|By Thomas Stauffer, The Arizona Daily Star, Tucson|
Knight Ridder/Tribune Business News
May 10, 2005 - An investor group is working through environmental studies and gathering permits for a mammoth chunk of Sonoran coastline it envisions as a sprawling paradise of vacation homes, golf courses, resorts, nature preserves and more.
A marina, vineyard, winery, equestrian complex and Formula One track are also proposed for Liberty Cove, a 72-square-mile area -- three times the size of Manhattan -- north of Puerto Libertad, Sonora.
Los Angeles-based Rockingham Asset Management LLC bought the property last year for less than $25 million from Tucson developer Don Diamond, said Carlos Nagel, a consultant hired by Rockingham to work on community issues. If the resort were fully developed as envisioned, it would appraise for about $277 million, said Tucson real estate appraiser Bruce Greenberg.
Up the coast, another investor group is further along in developing Punta Delfon (Dolphin Point), a 1.5-mile stretch of coastline about 60 miles south of the international border. The first phase of the project calls for about 500 oceanfront condominiums and 200 home lots along an 18-hole golf course, said Ryan Porter, chief financial officer for Scottsdale-based Las Dunas Group.
Like Liberty Cove, Punta Delfon will supply its water from a desalination plant, not from groundwater, and will build a wastewater treatment system, Porter said.
"There is no infrastructure there at all, so we'll probably have to generate our own power as well," Porter said.
Both proposed developments support the visions of Mexican President Vicente Fox and Sonoran Gov. Eduardo Bours Castelo for attracting tourism and economic development along the Sea of Cortez.

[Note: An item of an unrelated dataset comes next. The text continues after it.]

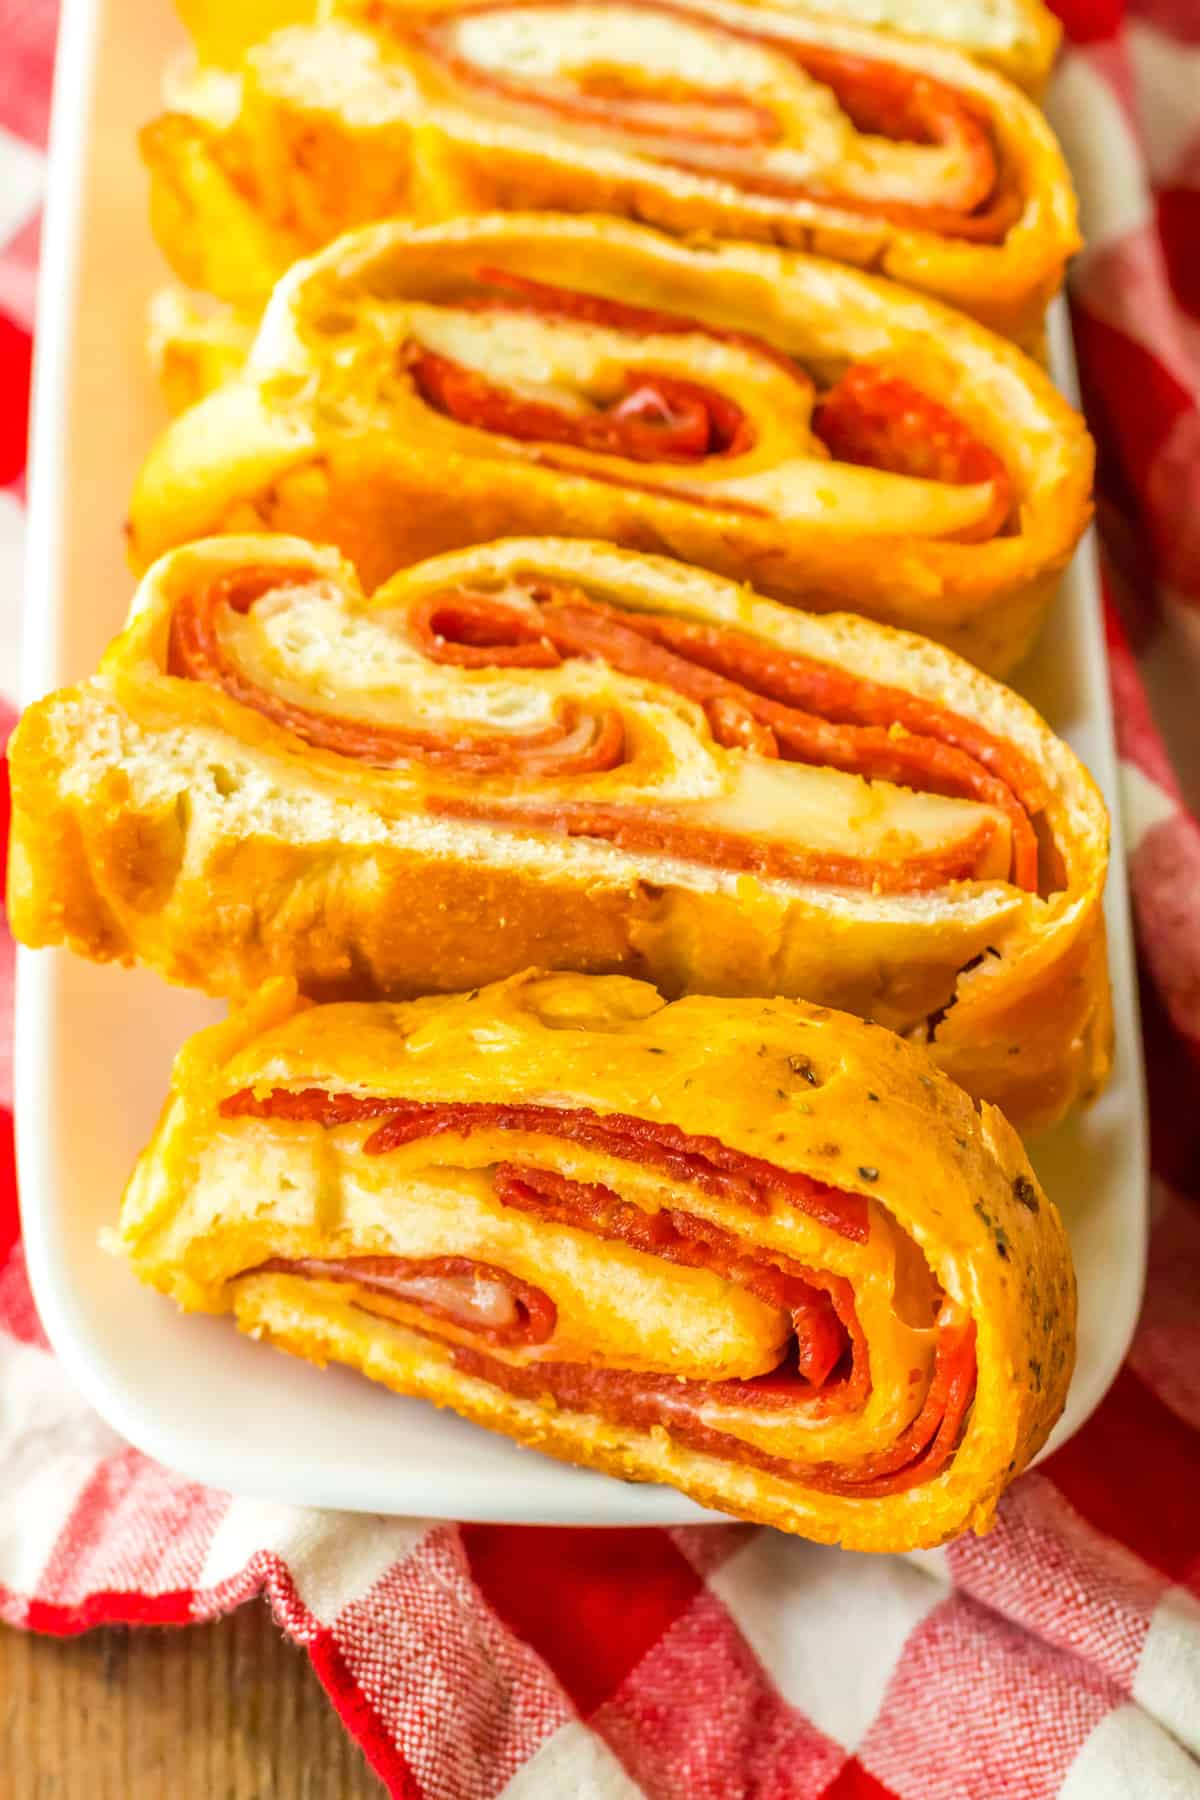 Pepperoni Bread with mozzarella cheese and pepperoni baked in bread dough.

Construction is already under way on a 375-mile coastal highway that will connect North Americans to the Sonoran beaches of Puerto Peasco by 2006 and Guaymas by 2009.

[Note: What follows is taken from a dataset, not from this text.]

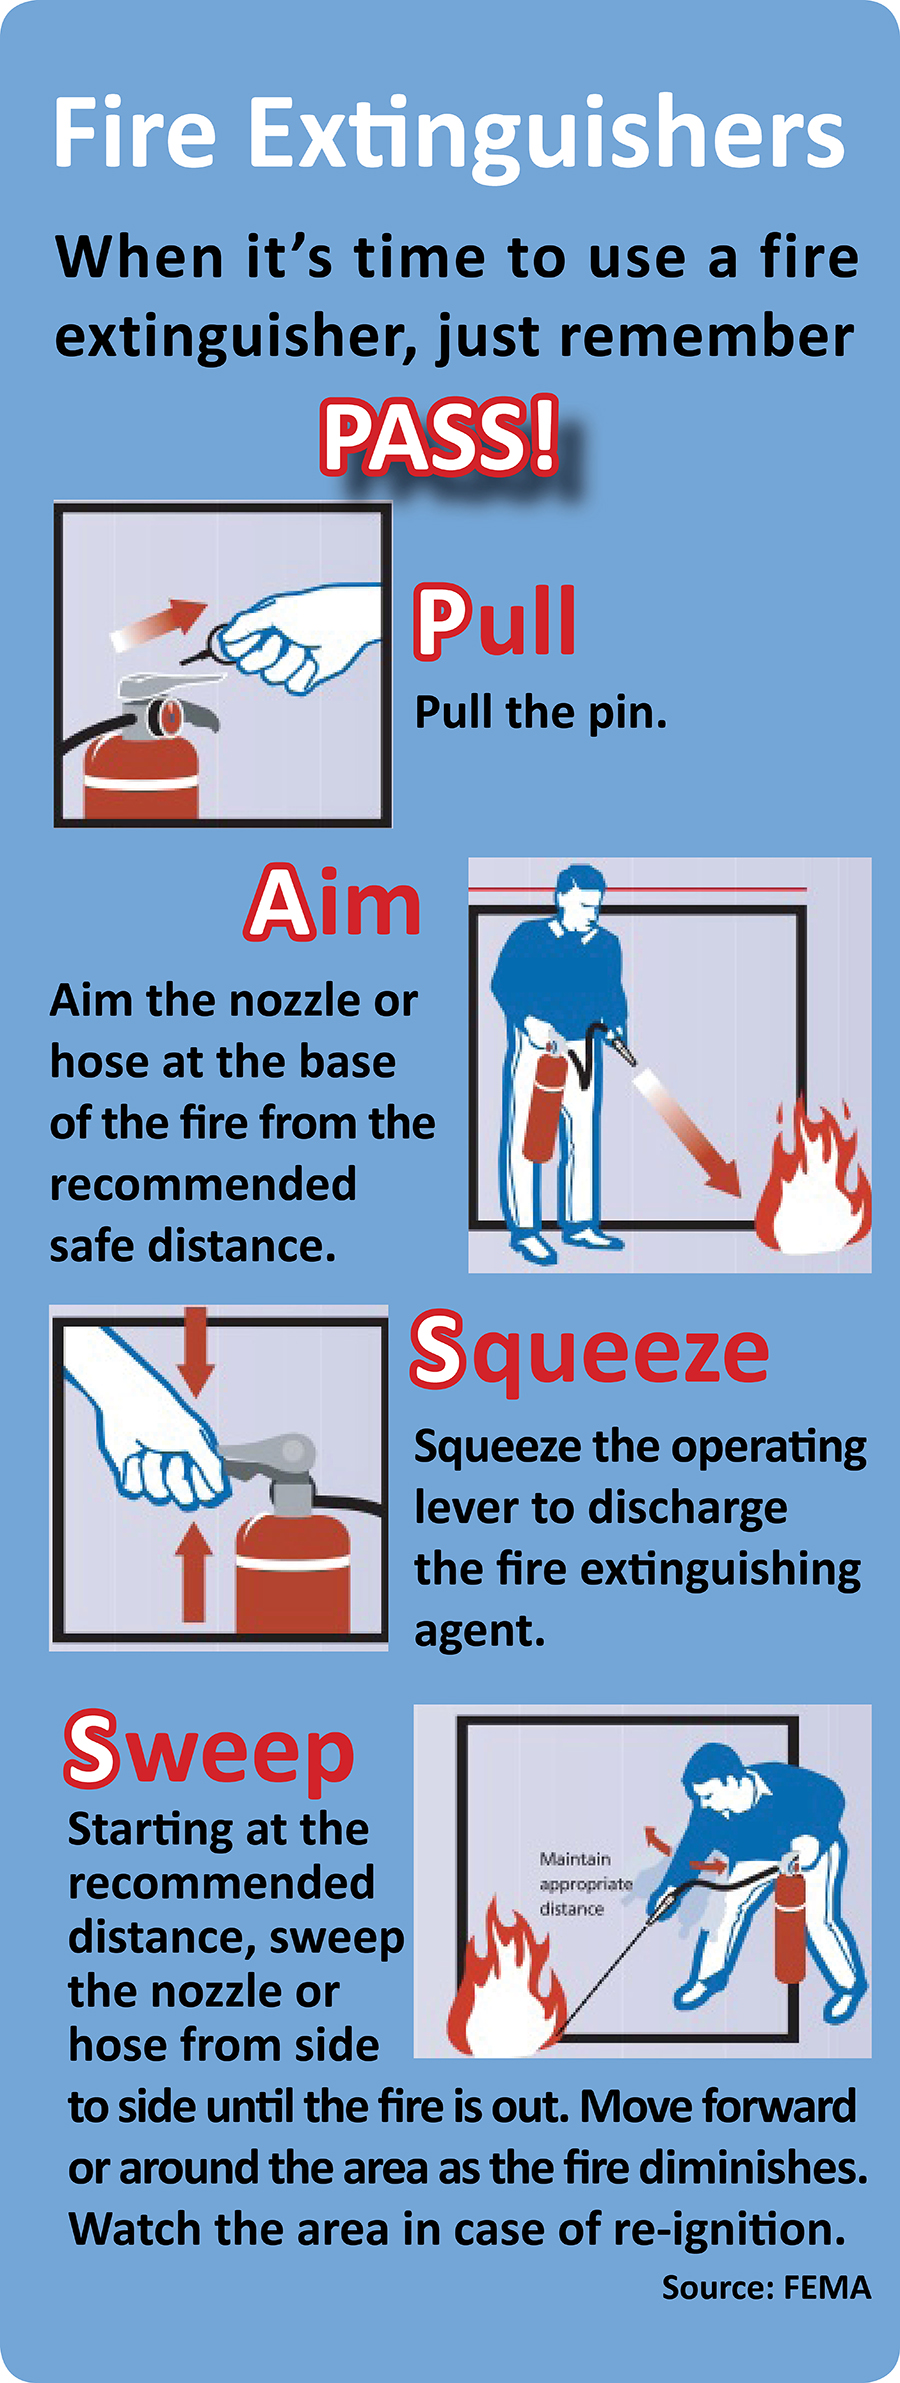 When using a fire extinguisher, remember PASS: pull the pin, aim the nozzle, squeeze the lever and sweep the nozzle from side to side.

Nearly under way is a 350-mile pipeline to be built by 2008 to carry liquefied natural gas from Puerto Libertad to Hermosillo, Guaymas, Ciudad Obregon, Navojoa and Naco, Sonora. Eventually, a line will connect to Nogales, Sonora. From there, the natural gas would be piped for distribution to markets in the western United States.
The coastal highway, natural gas plant and Liberty Cove will completely transform the sleepy fishing village of Puerto Libertad, which currently has about 3,000 residents, Nagel said.
Though the company's Web site mentions molding Liberty Cove to become the "premier destination in all of Mexico," the company's finance director said it would be premature to tout what Liberty Cove will be.
"We're just working quietly right now, getting all of our approvals, so we've been avoiding press releases because we don't have anything to sell at the moment," said Rockingham's Robert Chernick. "We're doing all the homework we need to so that this is no longer somebody's pipe dream."
Though Liberty Cove could eventually have tens of thousands of inhabitants, be they vacationers, retirees or permanent residents, a large part of the 72 square miles probably will not be developed, said Walt Bouchard, a Scottsdale consultant contracted by Rockingham to work on permits and licenses for the project.
"The highest and best use of this property may be pretty limited," Bouchard said. "One of the things about the site that's great is the open space, and they want to preserve as much of the natural beauty as possible."
Gov. Bours is "very pleased" that projects such as Liberty Cove and Punta Delfon are emerging, said Diego Padilla, the Sonoran government's Arizona representative.
Unlike an earlier proposal to have oil tankers deliver to Puerto Libertad crude oil that would then move through a pipeline to Yuma, the two resorts represent a much more environmentally sensitive form of economic development for the people of Sonora, Padilla said.
"The state government is highly concerned about having oil tankers in the Sea of Cortez," he said. "If these projects prove to be environmentally responsible, they are a good example of projects that will benefit from the coastline highway."
Greenberg, who has done extensive appraisal work in Mexico, said it's definitely in the best interest of the Mexican government to promote development that will protect the Sea of Cortez's pristine environment.
"The state of Sonora, and in particular the federal government of Mexico, is very keen on biological controls and environmental controls," he said. "I think they're going to ensure that this development will be safe for the environment and the community."